Umm-e-Aatika: Well! It is nice to see you here. I am bound due to the school routine of my children.  Sit comfortably here. I make tea for you.’

A week had passed since Umm-e-Bilal was staying at her brother’s house. She had got rid of all domestic chores. Both brother and brother’s wife would remain busy serving Umm-e-Bilal all day long.

Next morning, Umm-e-Bilal received a phone call from her elder sister.

Umm-e-Bilal: Dear sister [السلام علیکم]! How are you?’

Elder sister: I am fine. What about you? What made you so much busy that you have not contacted for many days?

Umm-e-Bilal: We are at brother Yasir’s house for a week, having fun and enjoying.

Elder sister: A week! We should not put a lot of burden on. Umm-e-Bilal: No dear sister! Bhabi and brother, both are happy. They are not feeling any disturbance. They have been taking great care of us.

Elder sister: Umm-e-Bilal! Keep in mind! We should not take unnecessary advantage of other’s good attitude of ‘giving honour and consideration’. Nobody asks his guest to leave. This is the guest who needs to understand the situation. There are some manners of being a good guest too.

Umm-e-Bilal! O dear sister! You think too much. We have heard about the manners of hospitality. Now you have mentioned the ‘manner of being a good guest’ today.

Elder sister: Look! If someone visits us and stays for a couple of days, we become so worried, right!

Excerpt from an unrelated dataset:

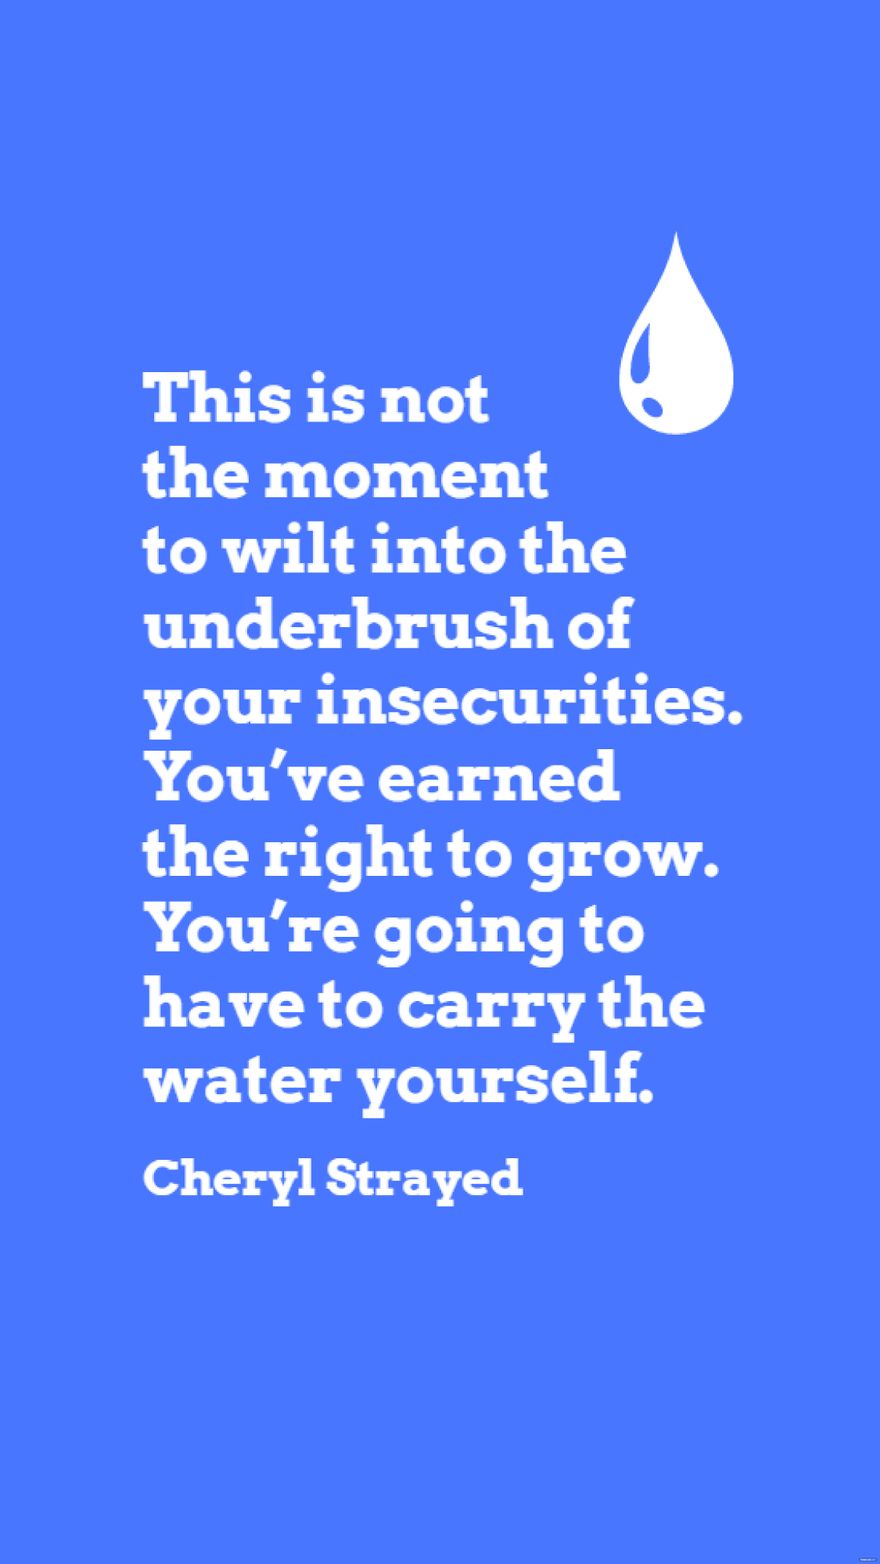 Free Cheryl Strayed - This is not the moment to wilt into the underbrush of your insecurities. You’ve earned the right to grow. You’re going to have to carry the water yourself. in JPG
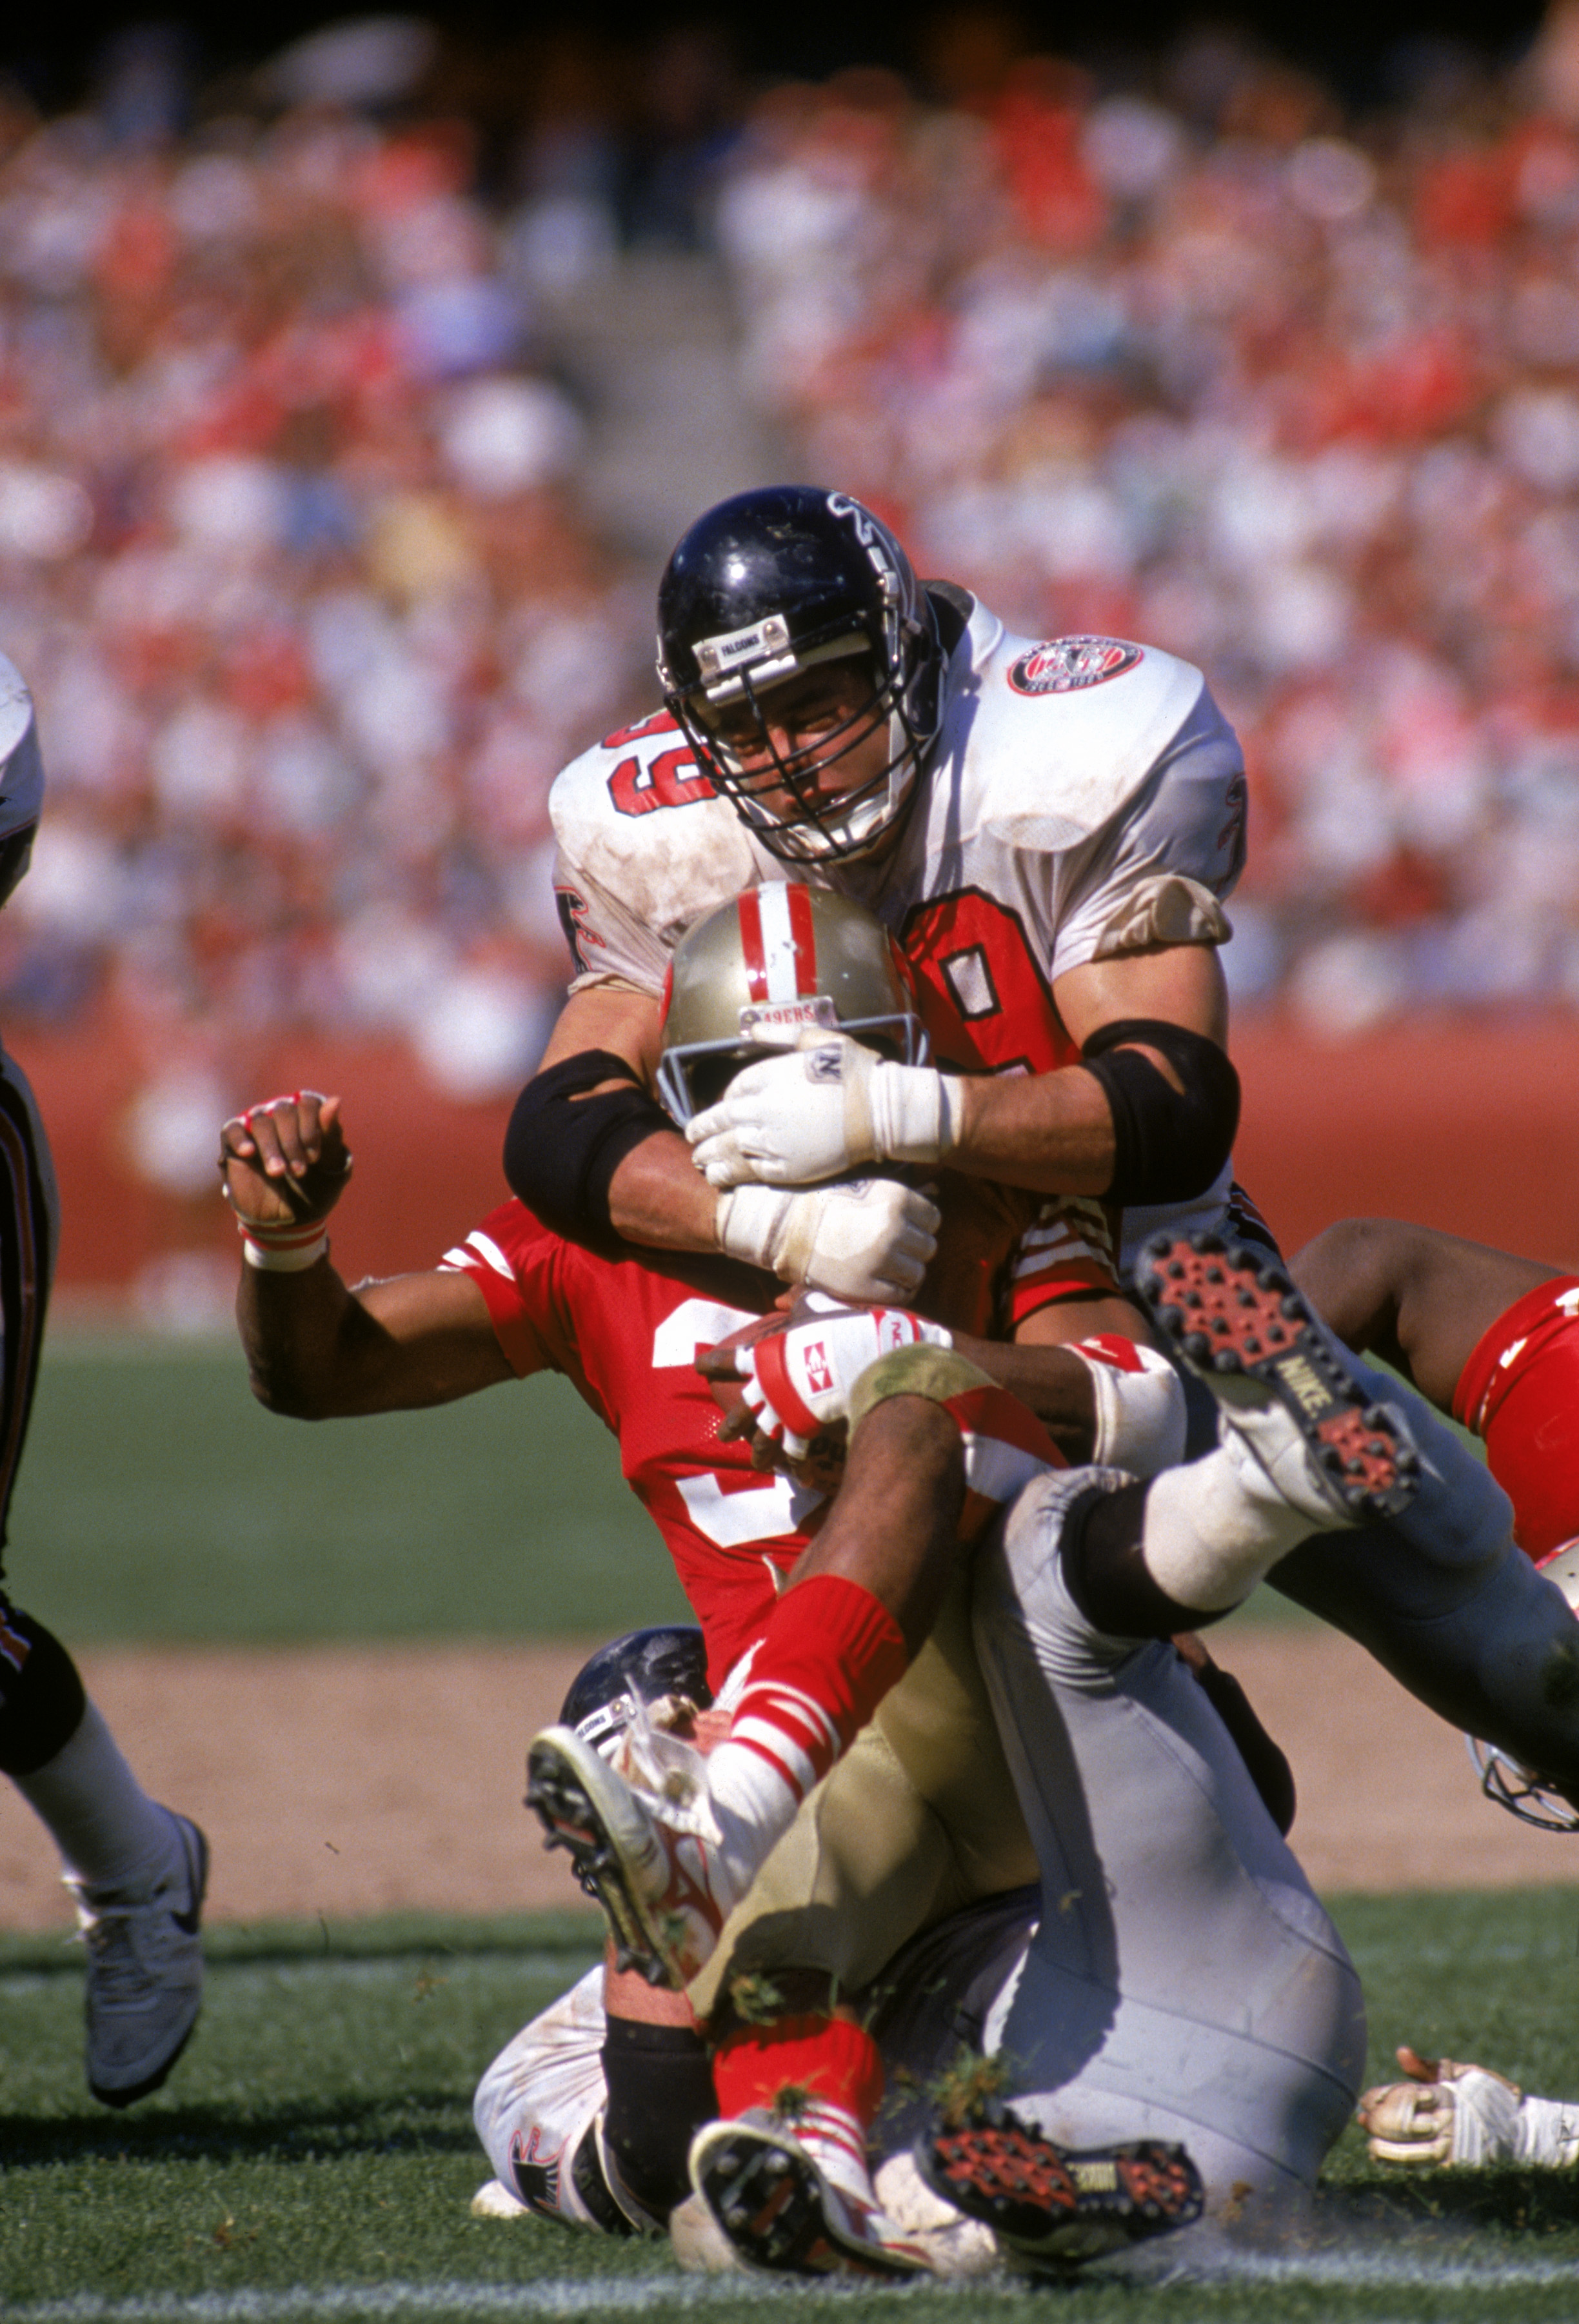 Defensive end Tim Green #99 of the Atlanta Falcons tackles running back Roger Craig #33 of the San Francisco 49ers during a game at Candlestick Park on Sept. 23, 1990 in San Francisco. (George Rose—Getty Images)

We are haunted by our limited monthly budget; so, we should also think about others? They live in this world too and they may also face the same problems like us. As far as manners of being a good guest is concerned, this is not a new idea produced by me but rather our Islam teaches us about it. Our Beloved Prophet صَلَّى اللّٰهُ عَلَيْهِ وَاٰلِهٖ وَسَلَّم has said: Hospitality is for a day and a night, and good hospitality is for three days and after that it is charity. And it is not lawful for the guest to stay so long as to cause him annoyance. (Mishkat-ul-Masabeeh, vol. 2, pp. 101, Hadees 4244)

As an elder sister, it was necessary for me to advise you. Now, it is up to you.

Responding back to say goodbye, Umm-e-Bilal was thinking about going back to home and she called Arwa’s father.